= Global Ocean Observing System =

Ocean observation system

The Global Ocean Observing System (GOOS) is a global system for sustained observations of the ocean comprising the oceanographic component of the Global Earth Observing System of Systems (GEOSS). GOOS is administrated by the Intergovernmental Oceanographic Commission (IOC), and joins the Global Climate Observing System, GCOS, and Global Terrestrial Observing System, GTOS, as fundamental building blocks of the GEOSS.

==Overview==
GOOS is a platform for:
- International cooperation for sustained observation of the oceans.
- Generations of oceanographic products and services.
- Interaction between research, operational, and user communities.

GOOS serves oceanographic researchers, coastal managers, parties to international conventions, national meteorological and oceanographic agencies, hydrographic offices, marine and coastal industries, policymakers, and the interested general public.

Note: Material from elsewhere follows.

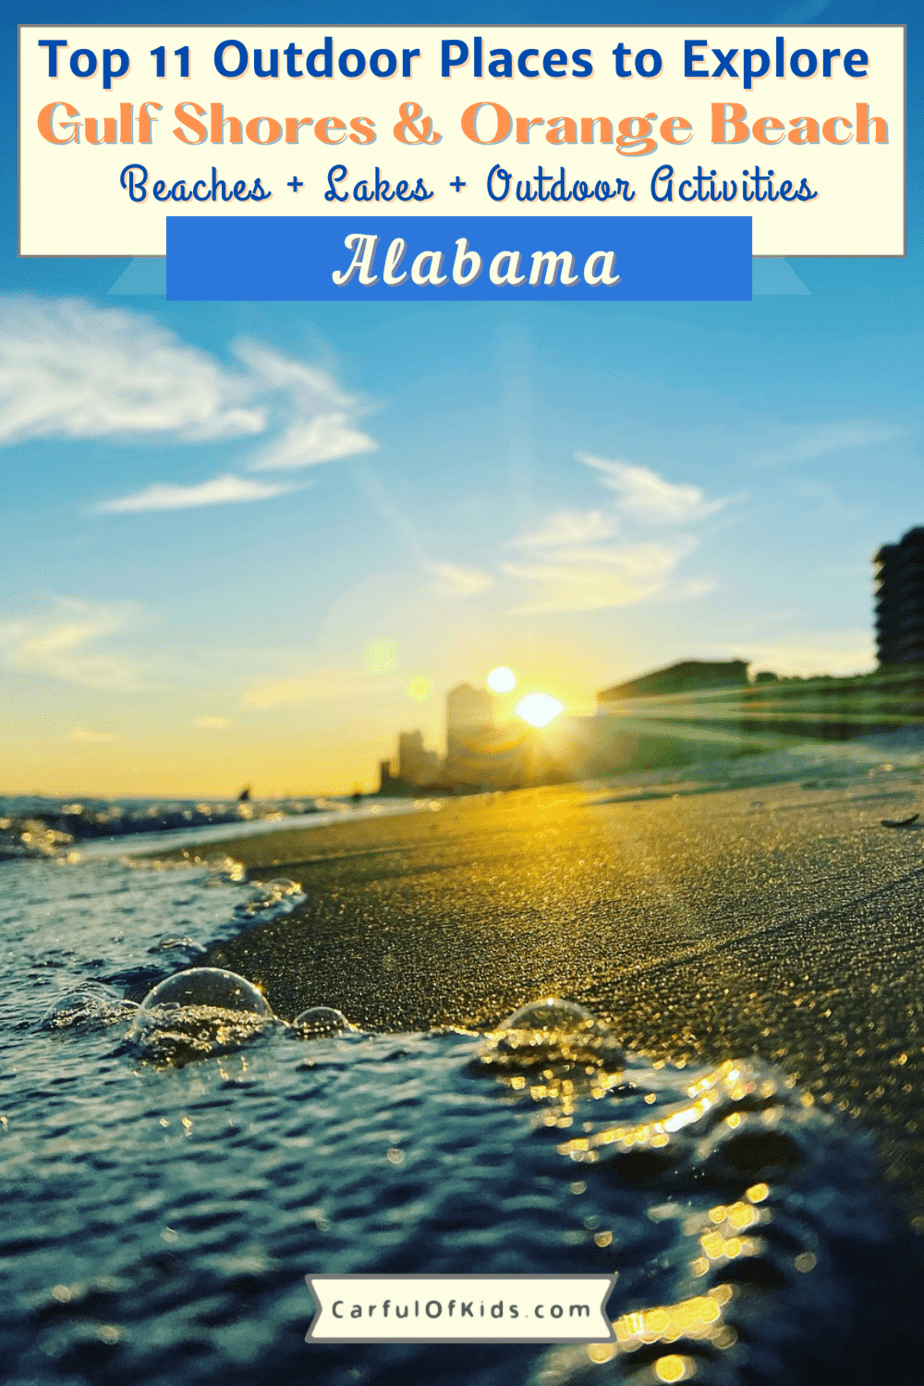 Located on the white sands and emerald water of Gulf Shores Alabama, find lots of outdoor activities like miles of beaches along with fishing and bike riding. Here's a state park that offers kayaking and find rental boats in Gulf Shores as well. Top Things to do in Gulf Shores | Alabama Beaches #GulfShores

GOOS is sponsored by the IOC, UNEP, WMO, and ICSU. It is implemented by member states via their government agencies, navies and oceanographic research institutions working together in a wide range of thematic panels and regional alliances.

The GOOS Scientific Steering Committee provides guidance, while Scientific and Technical Panels evaluate Essential Ocean Variable observation systems. The secretariat director, from 2004 to 2011 was Keith Alverson. The secretariat director from 2011–2022 it was Albert Fischer.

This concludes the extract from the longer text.